Juist het - ook door GroenLinks geconstateerde ­ gebrek aan verzoening, integratie van minderheden en hervormingen maakt dat de internationale gemeenschap prioriteit moet blijven verlenen aan uitvoering van het "standards before status"-beleid van UNMIK. Het onder de huidige omstandigheden prioriteit verlenen aan de statuskwestie, zoals door GroenLinks voorgesteld, zou de aandacht en energie afleiden van de broodnodige politieke en economische hervormingen (inclusief terugkeer van vluchtelingen), die Kosovo tot een stabiel en welvarend gebied moeten maken en nieuw geweld moeten voorkomen. De internationale gemeenschap zal Kosovo moeten blijven bijstaan in dit proces. Daarnaast dient verdere voortgang te worden gemaakt met de dialoog tussen Belgrado en Pristina, over o.a. kwesties als het lokaliseren van vermiste personen dat een belangrijk onderdeel van het verzoeningsproces vormt; de werkgroep over vermiste personen kwam onlangs voor het eerst bijeen.

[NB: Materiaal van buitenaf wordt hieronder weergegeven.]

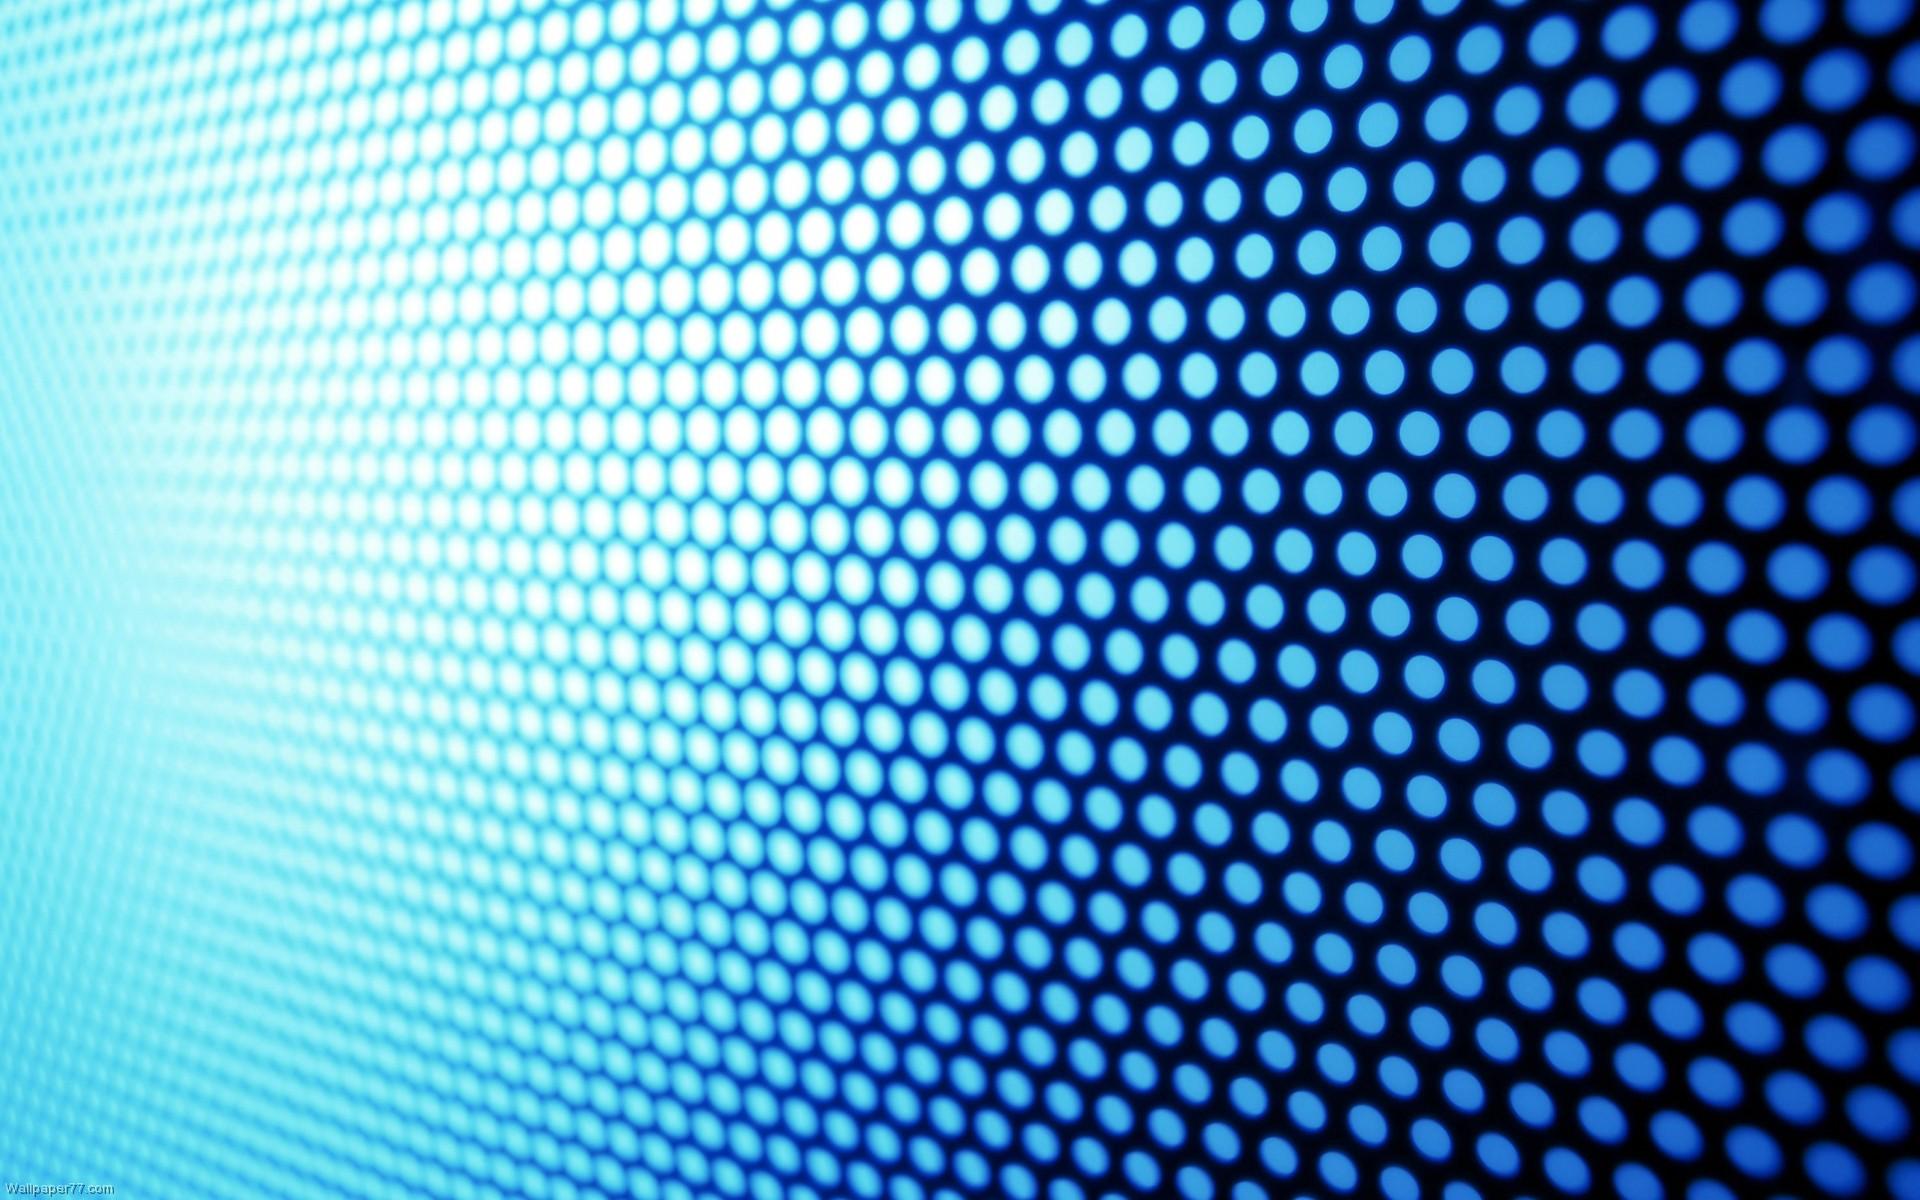 Blue-Carbon-Fiber-HD-PixelsTalk-Net-wallpaper-wpc5802921

Kosovo zal hoog op de agenda staan tijdens het Nederlandse EU-voorzitterschap, tijdens welke ook verkiezingen in Kosovo zijn voorzien. Belangrijke instrumenten van het EU-beleid ten aanzien van Kosovo zijn het hulpprogramma in het kader van CARDS (EU is de grootste donor in Kosovo) en het zgn. "Stabilisation and Association Tracking Mechanism", dat tot doel heeft wet- en regelgeving te harmoniseren met Europese standaarden. Streven naar een versterkte en meer coherente EU-rol ten aanzien van Kosovo is mede van belang vanuit het perspectief dat Kosovo's toekomst in Europa ligt.

Rusland

De Europese Raad onderstreepte het belang van een open, stabiel en democratisch Rusland en verwelkomde president Poetins toezeggingen inzake versterking van het meerpartijenstelsel, ontwikkeling van een "civil society" en eerbiediging van de persvrijheid. De Raad bevestigde tevens het belang van een strategisch partnerschap met Rusland en benadrukte in dit verband de noodzaak van onvoorwaardelijke uitbreiding per 1 mei a.s. van de Partnerschaps- en Samenwerkingsovereenkomst met de toetredende landen.

Tenslotte

Over de Nederlandse inzet in de Mensenrechtencommissie en inzake de deelname van Birma aan het ASEM-proces ontvangt u een separate brief.